PENNANT is an unstructured mesh physics mini-application developed at Los Alamos National Laboratory for advanced architecture research. It contains mesh data structures and a few physics algorithms from radiation hydrodynamics and serves as an example of typical memory access patterns for an HPC simulation code.

This DSI PENNANT example is used to show a common use case: create and query a set of metadata derived from an ensemble of simulation runs. The example GitHub directory includes 10 PENNANT runs using the PENNANT Leblanc test problem.

In the first step, a python script is used to parse the slurm output files and create a CSV (comma separated value) file with the output metadata.

./parse_slurm_output.py --testname leblanc

In the second step, another python script,

./create_and_query_dsi_db.py --testname leblanc

reads in the CSV file and creates a database:

#!/usr/bin/env python3

"""
This script reads in the csv file created from parse_slurm_output.py.
Then it creates a DSI db from the csv file and performs a query.
"""

import argparse
import sys
from dsi.backends.sqlite import Sqlite, DataType
import os
from dsi.core import Terminal

if __name__ == "__main__":
    """ The testname argument is required """
    parser = argparse.ArgumentParser()
    parser.add_argument('--testname', help='the test name')
    args = parser.parse_args()
    test_name = args.testname
    if test_name is None:
        parser.print_help()
        sys.exit(0)
    
    table_name = "rundata"
    csvpath = 'pennant_' + test_name + '.csv'
    dbpath = 'pennant_' + test_name + '.db'
    output_csv = "pennant_read_query.csv"

    core = Terminal()

    # This reader creates a manual simulation table where each row of pennant is its own simulation
    core.load_module('plugin', "Wildfire", "reader", filenames = csvpath, table_name = table_name, sim_table = True)

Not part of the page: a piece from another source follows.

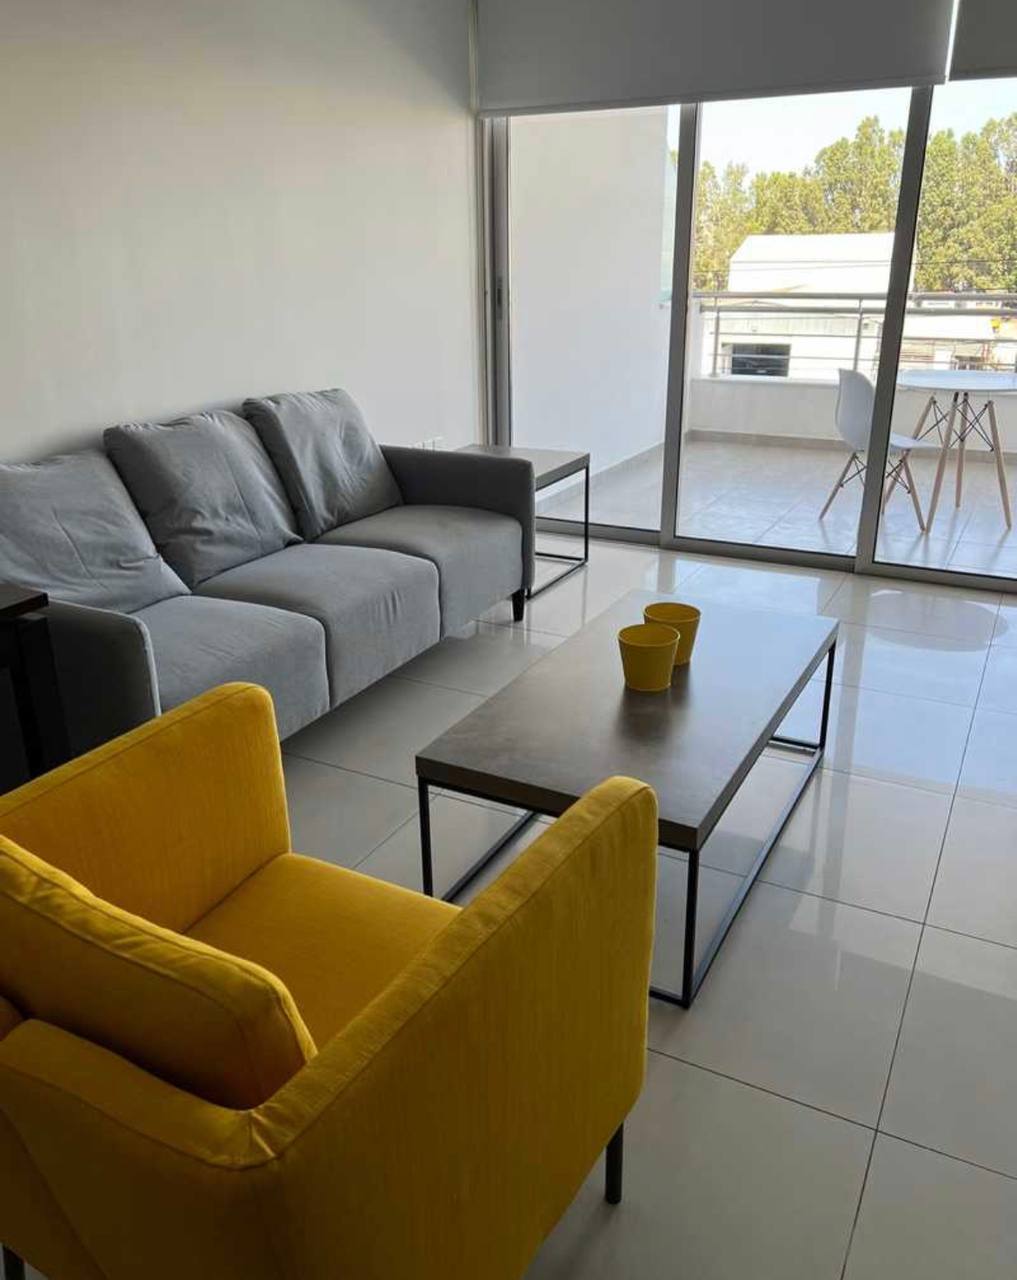 2 Bedroom Apartment for Rent in Larnaca
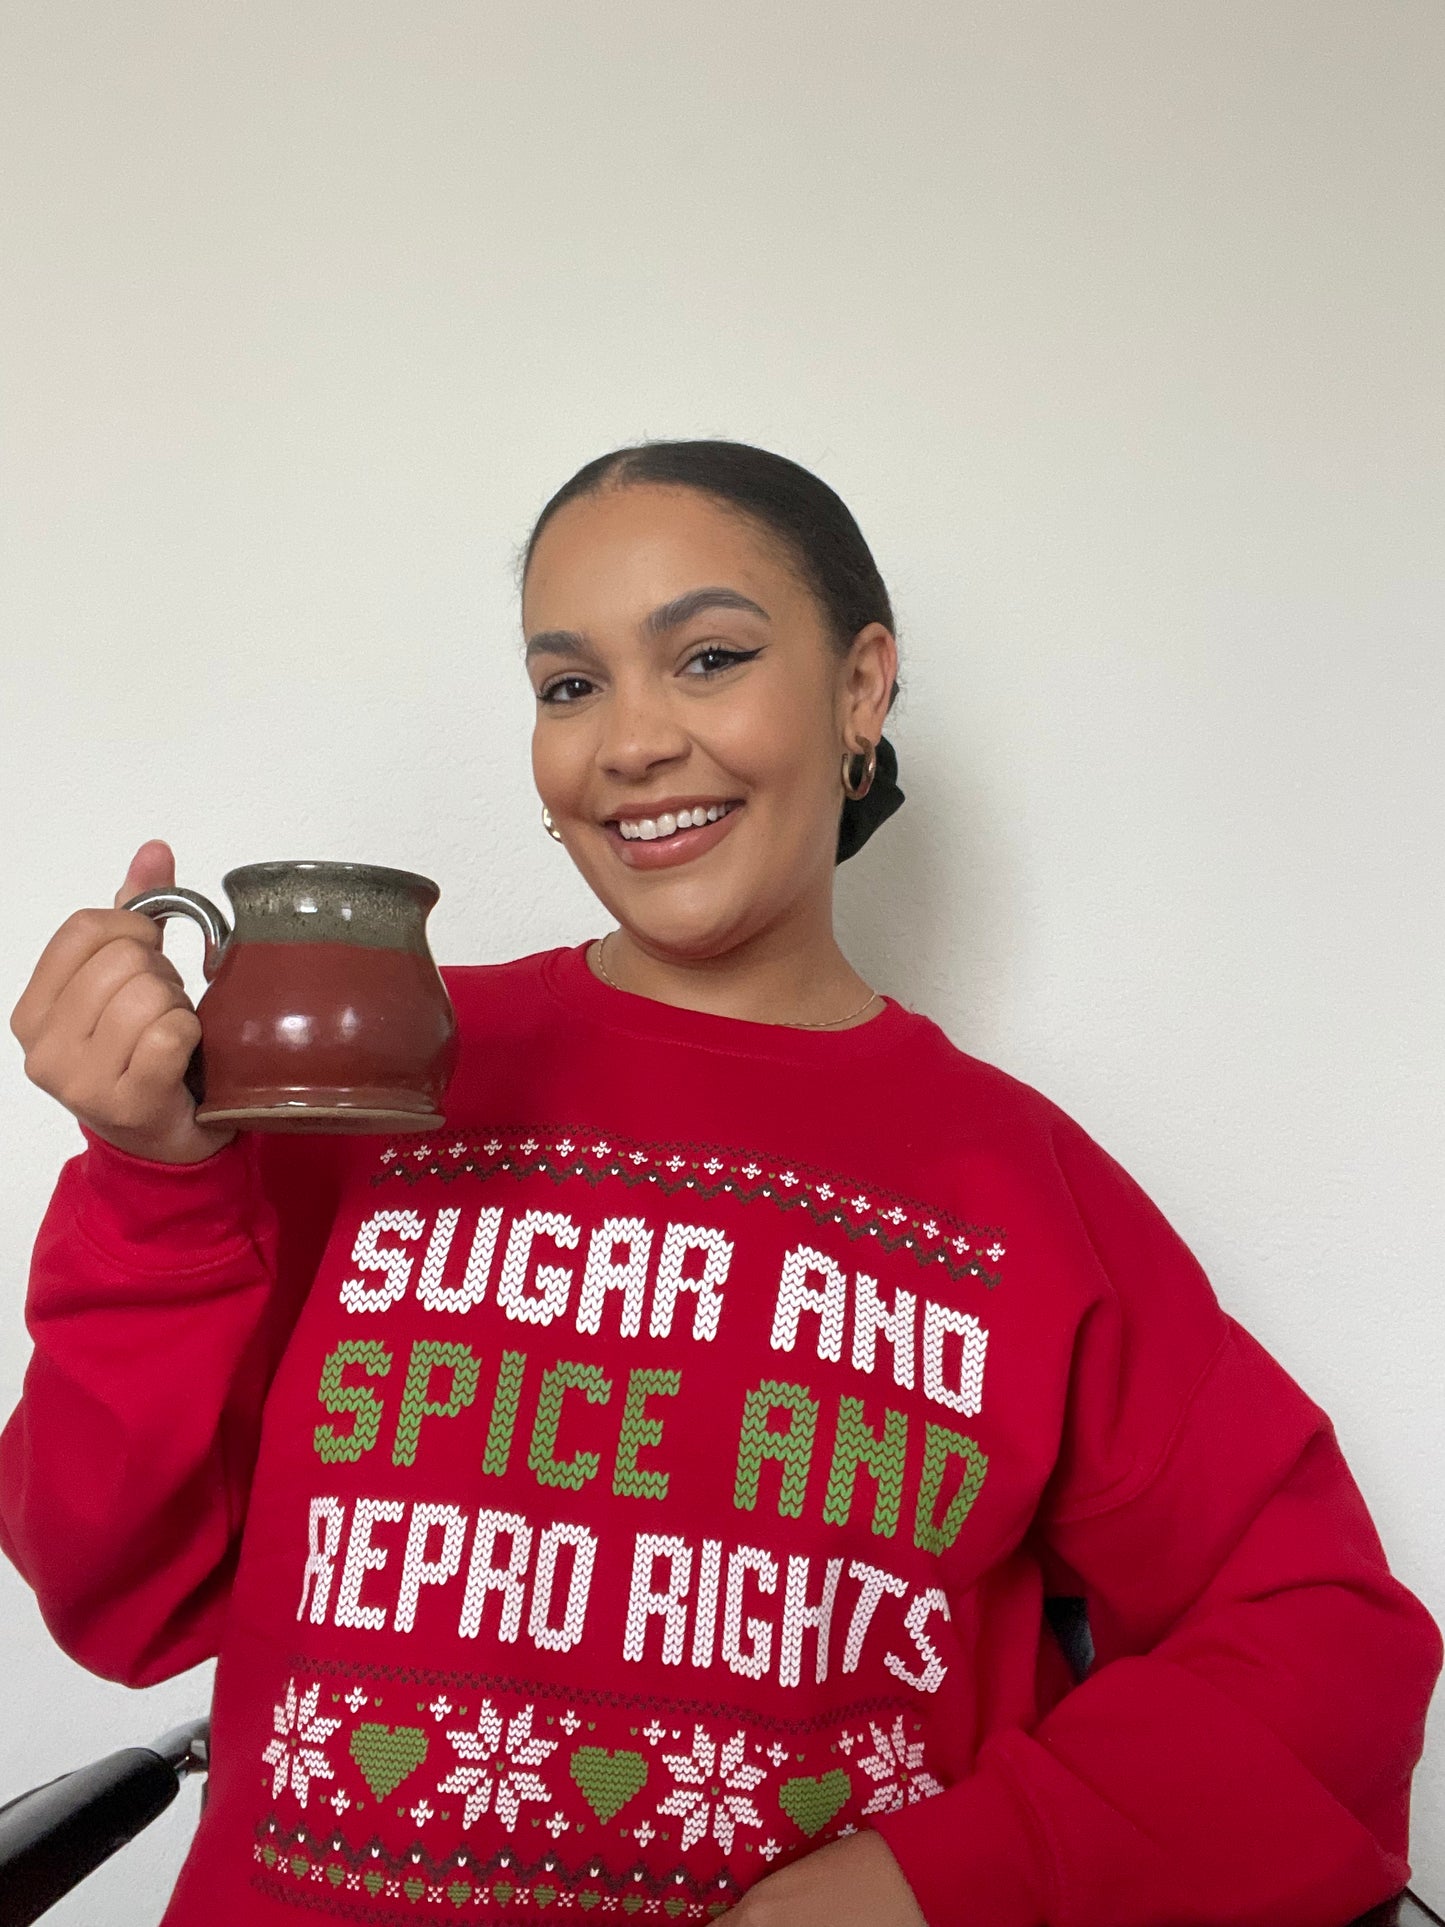 Sugar & Spice & Repro Rights Crewneck Sweatshirt (Phenomenal x The Sweet Feminist) - Red

    if os.path.exists(dbpath):
        os.remove(dbpath)

    #load data into sqlite db
    core.load_module('backend','Sqlite','back-write', filename=dbpath)
    core.artifact_handler(interaction_type='ingest')

    # update dsi abstraction using a query to the sqlite db
    query_data = core.artifact_handler(interaction_type='query', query = f"SELECT * FROM {table_name} WHERE hydro_cycle_run_time > 0.006;", dict_return = True)
    core.update_abstraction(table_name, query_data)

    #export to csv
    core.load_module('plugin', "Csv_Writer", "writer", filename = output_csv, table_name = table_name)
    core.transload()

Resulting in the output of the query:

Screenshot of computer program output.

The output of the PENNANT example.

Wildfire Dataset

This example highlights the use of the DSI framework with QUIC-Fire simulation data and resulting images. QUIC-Fire is a fire-atmosphere modeling framework for prescribed fire burn analysis. It is light-weight (able to run on a laptop), allowing scientists to generate ensembles of thousands of simulations in weeks. This QUIC-fire dataset is an ensemble of prescribed fire burns for the Wawona region of Yosemite National Park.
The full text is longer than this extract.